Dr. David Grande: I do think though, back to that, I think the bigger issue of what’s going on is whether or not these technology companies are hopeful that by being seen as altruistic and responsible in some way that it will leave them in a better place in terms of what kinds of regulations they may face in the future. And that would be a mistake, like, we shouldn’t use a little bit of responsible behavior during the COVID pandemic to justify not taking actions at a later point.
Joe Elia: So what would you like to see happen, Dr. Grande, as a result of your raising these issues?
Dr. David Grande: Well, again, I’m actually not a legal expert by any means. But in talking to a lot of the folks that we did, I mean certainly the European Union has blazed a trail in this space. You know some of the people we interviewed who are really experts on international law and policy in this space talked about how the US really stands out in the world by taking this very sector-specific approach to privacy. So we have HIPAA, right, and we have GINA that protects genetic information. There is no place in the US federal government where anyone’s thinking about these issues across the economy.

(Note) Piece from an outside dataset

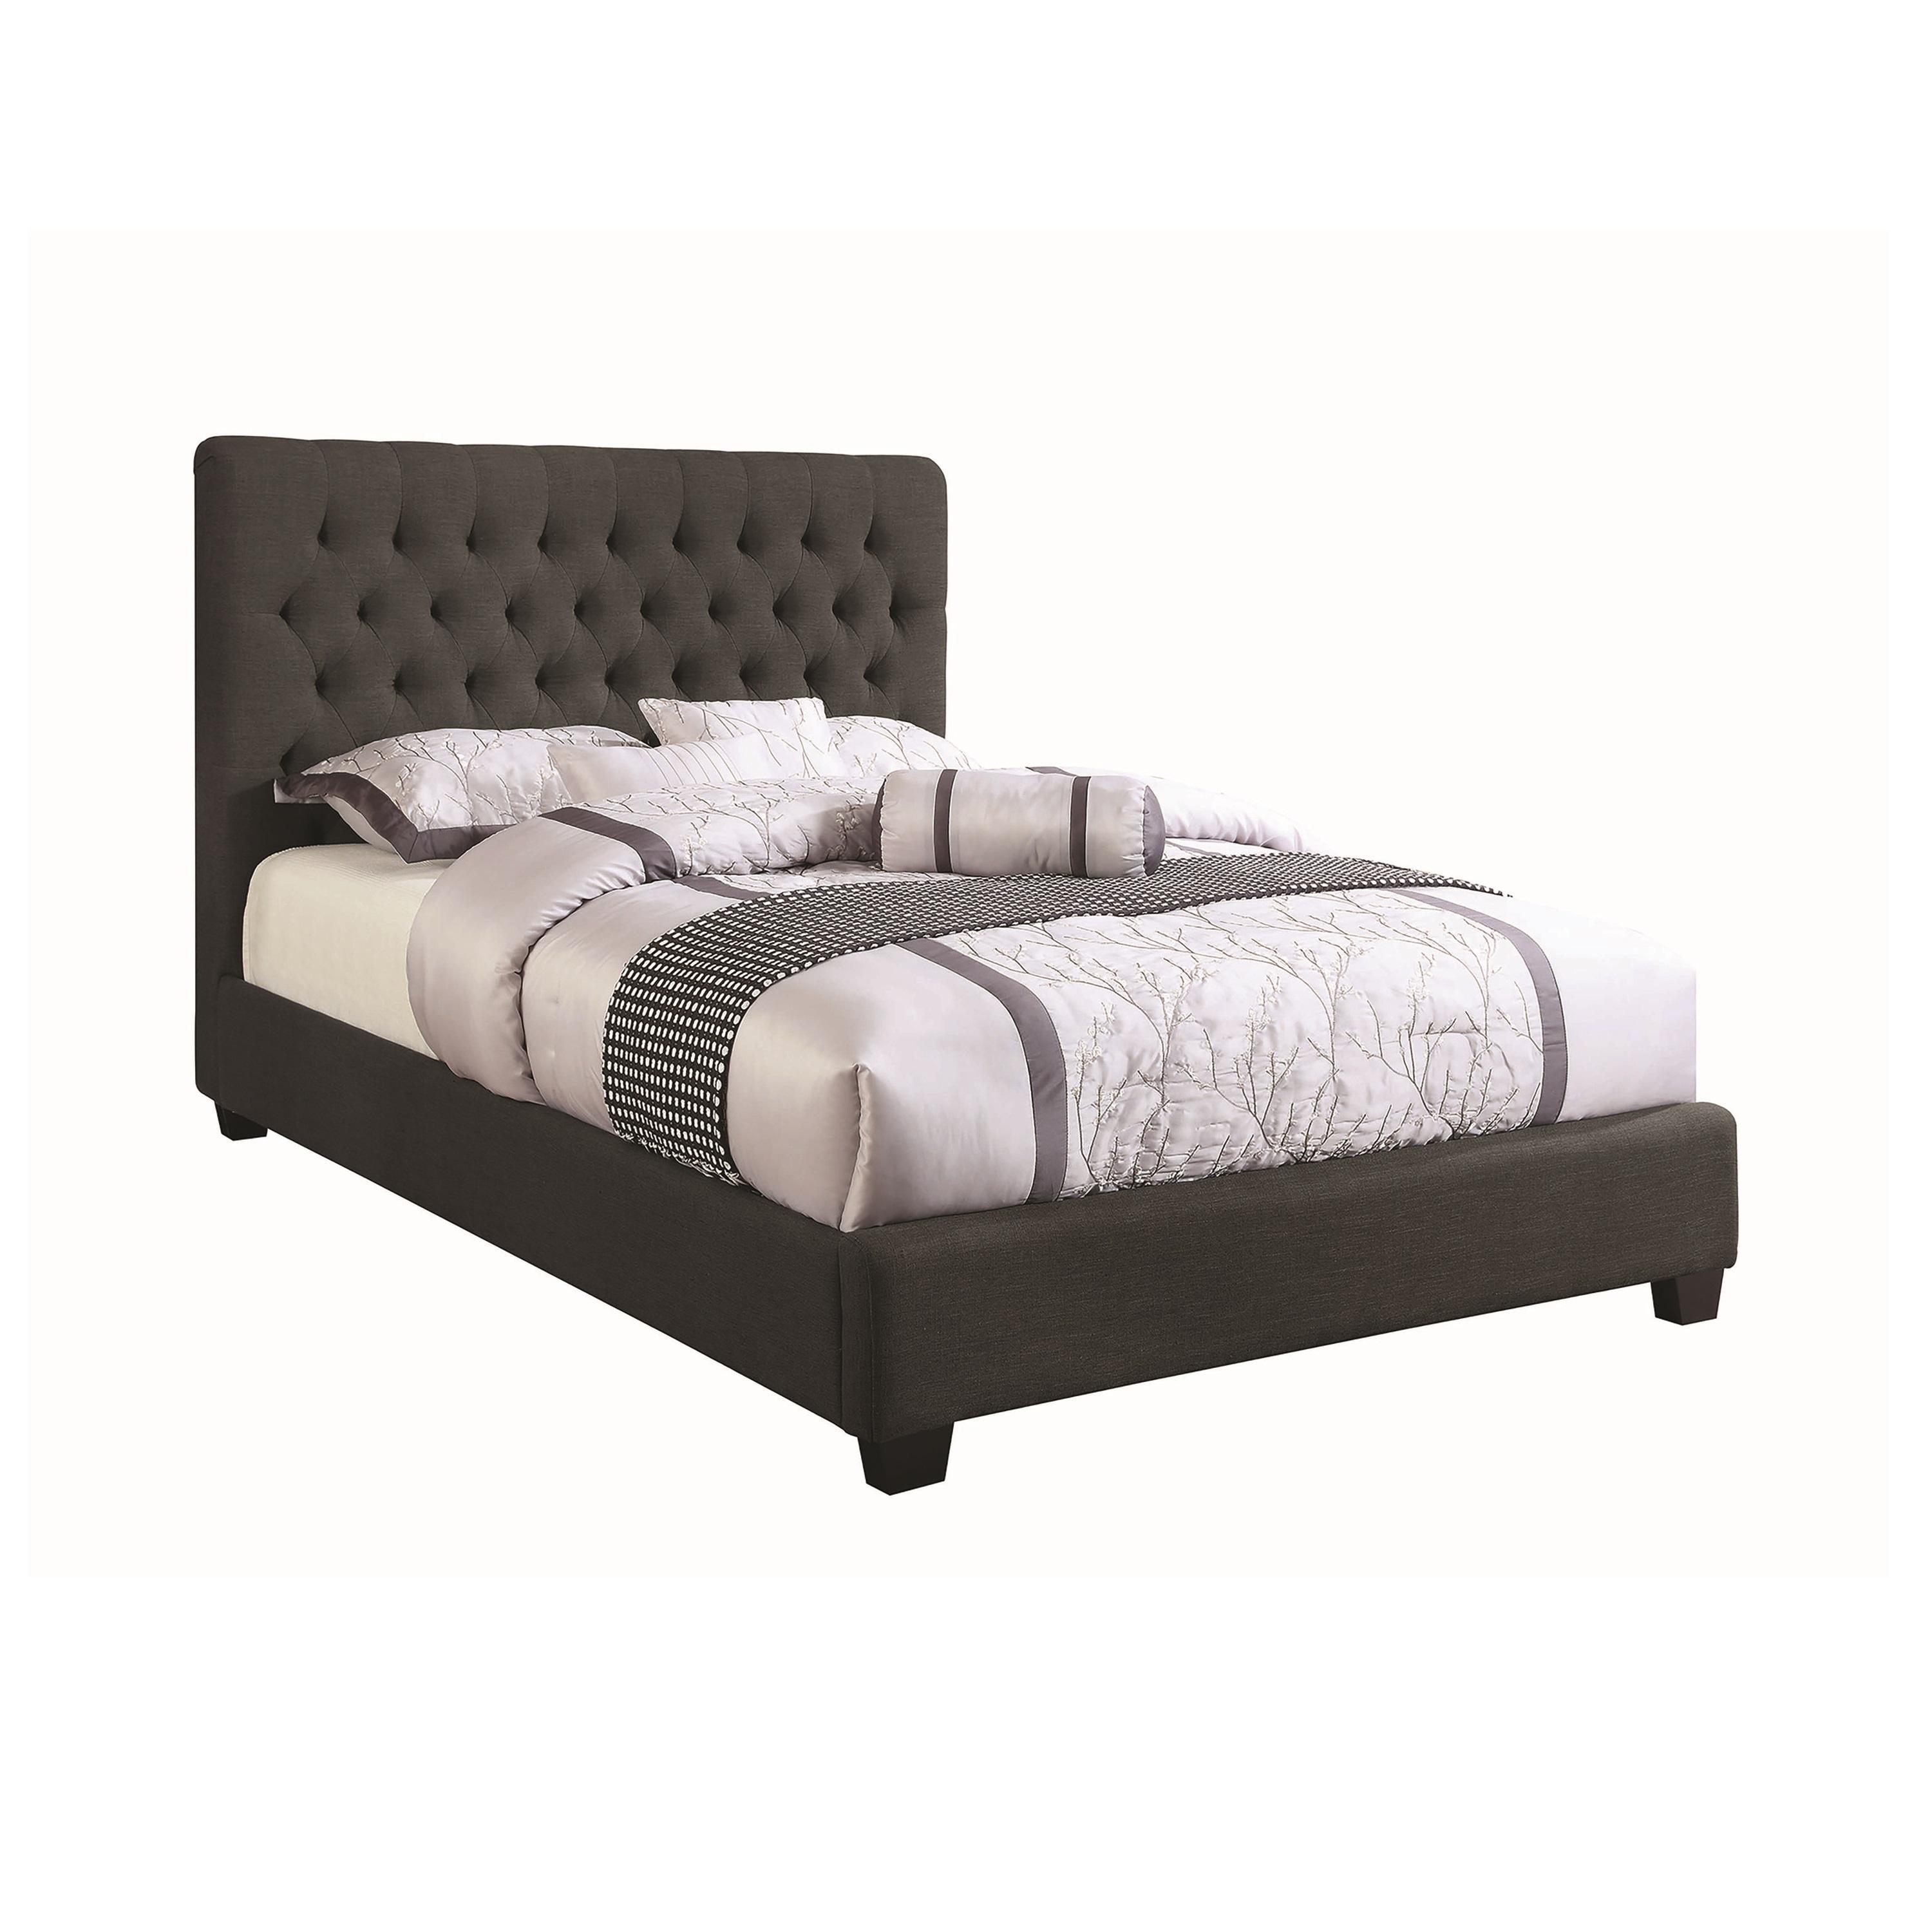 Contemporary Bed 300529KE Chloe 300529KE in Charcoal Fabric
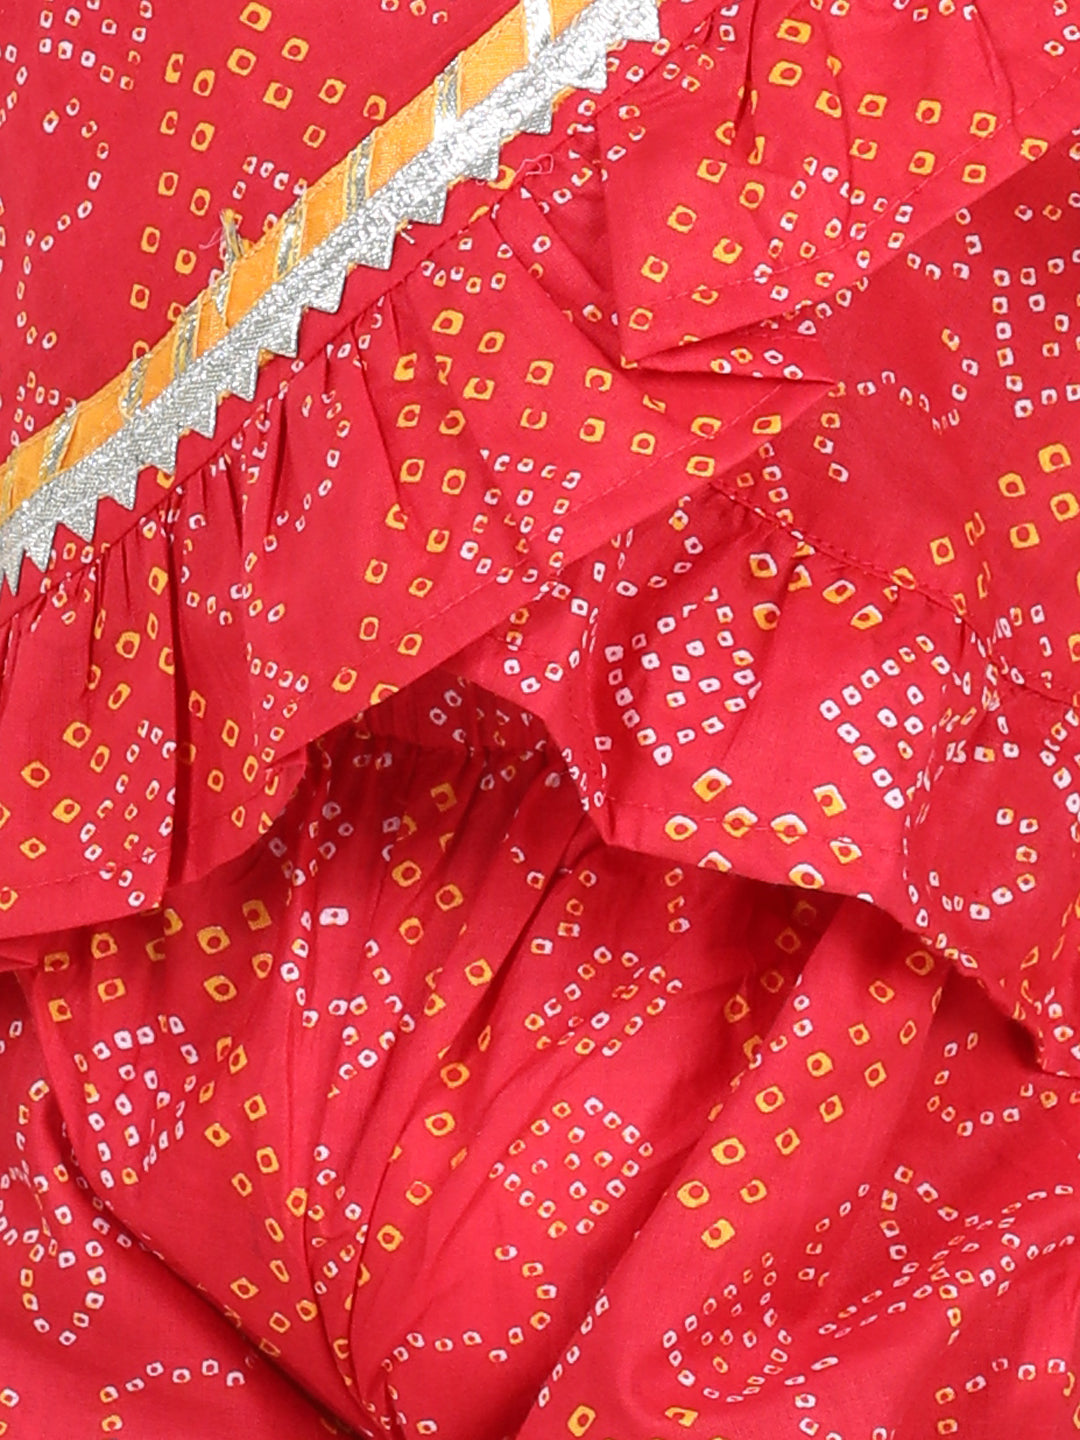 BownBee Front Open Cotton Bandhni Print Baby Full Sleeve Kurta Pyjama for Girls - Red

You know, we’ve got people who think about health privacy at the Department of Health and Human Services, but it’s not the Department of Health and Human Services that can ultimately address this issue. And I think a lot of other countries around the world do specifically have privacy officers, agencies and whatnot to really come up with a more holistic way to think about these issues. Because we’ve moved far past, as I mentioned earlier, the idea that like health privacy can all be addressed through a health agency because it really is ubiquitous now.
And I think for many people and I think a lot of consumers — I don’t know this for sure — but I think if you asked them and said, “What do you worry more about, like, the privacy of the last blood pressure reading in your doctor’s visit or the social media posts and whether they reveal something about your mood?” And I think people would be more worried about their social media posts and their mood and people using that information in ways that they would rather not. So we have a lot to learn from the EU. I think we’re still seeing how that it’s relatively new, seeing how it’s going to play out in terms of the behavior of these companies. But we certainly need to start taking a similar direction here in the US.
Joe Elia: And speaking of behaviors have you modified any of your own behaviors over time? Have you thrown away your GPS or your cell phone? Or have you stopped using Netflix or Amazon or going to Whole Foods?
Dr. David Grande: I’ve tried. But I go back to my earlier point, which is it’s become almost impossible to be a modern day consumer and not leave these footprints behind. Even if you think about the basics of using a smartphone these days, God forbid you turn off all this functionality. Your phone’s going to tell you pretty much every day that you know you need to turn this thing back on or it won’t work properly. You know it’s like do you want to allow it once? Do you want to allow it always? And then when you know you allow it once is it really once? Is the app still operating in the background? You really have to become a computer scientist now to even interpret what you’re saying yes or no to anymore. And I think it’s asking a lot of consumers, but I’ve tried. I certainly have tried, but it’s a frustrating endeavor.
Joe Elia: Well, I want to thank you, Dr. Grande, for talking about your work with me today.
Dr. David Grande: Oh, absolutely, my pleasure.
Joe Elia: That was our 270th podcast. They’re all available free at podcasts.jwatch.org. We come to you from the NEJM Group and our executive producer is Kristin Kelley. I’m Joe Elia. Thanks for listening.